Tim Timanus
Chief Executive Officer
Thank you, Dave. Nonperforming assets at quarter end June 30, ‘09 totaled $19,587,000 or 0.57% of loans and other real estate. This is compared to $12,525,000 or 0.36% at March 31, ‘09. This represents a 56% increase in nonperforming assets. The June 30, ‘09 nonperforming asset total consisted of $8,143,000 in loans, $343,000 in repossessed assets and $11,101,000 in other real estate. Approximately $2,900,000 or 15% of the June 30, ‘09 nonperforming asset total are at this time under contract for sale, but there can be no assurance that any of these contracts will close.
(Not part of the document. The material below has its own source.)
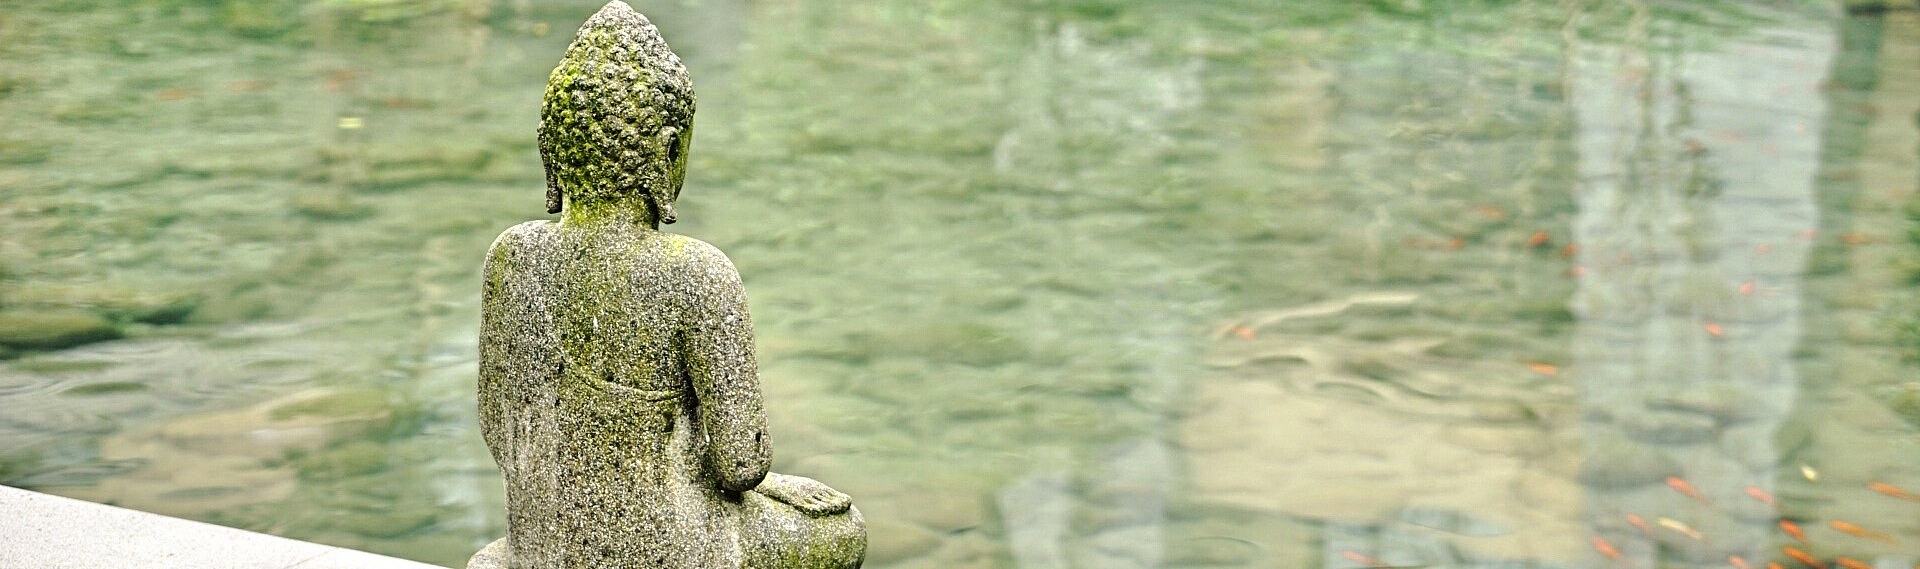 statue de boudha au bord d'un lac où nagent des poissons
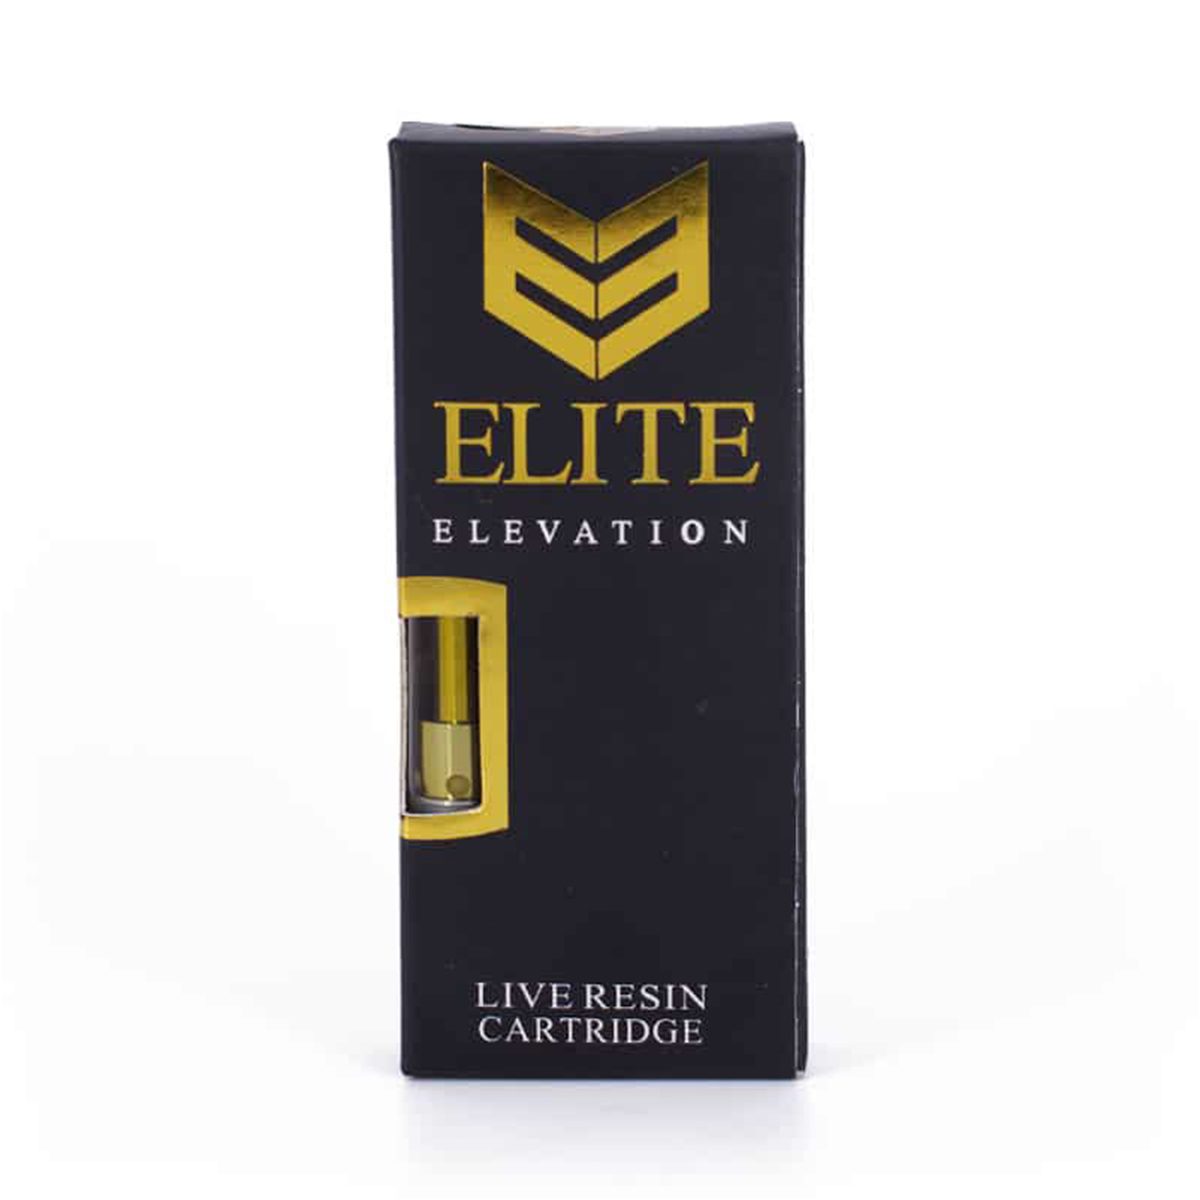 buy elite elevation cartridge

Net charge-offs for the three months ended June 30, ‘09 were $3,526,000 compared to net charge-offs of $3,857,000 for the three months ended March 31, 2009. This represents a 9% decrease. $6,900,000 was added to the allowance for credit losses during the quarter ended June 30, ‘09 compared to $6,125,000 for the quarter ended March 31, ‘09. The average monthly new loan production for the quarter ended June 30, ‘09 was $76 million, compared to $64 million for the second quarter ended March 31, ‘09. Loans outstanding at June 30, ‘09 were $3.451 million compared to $3.501 million at March 31 ‘09. The June 30 ‘09 loan total is made up of 41% fixed rate loans, 27% floating rate loans and 32% at variable rates that reset at specific times. I will now turn it over to Dan Rollins.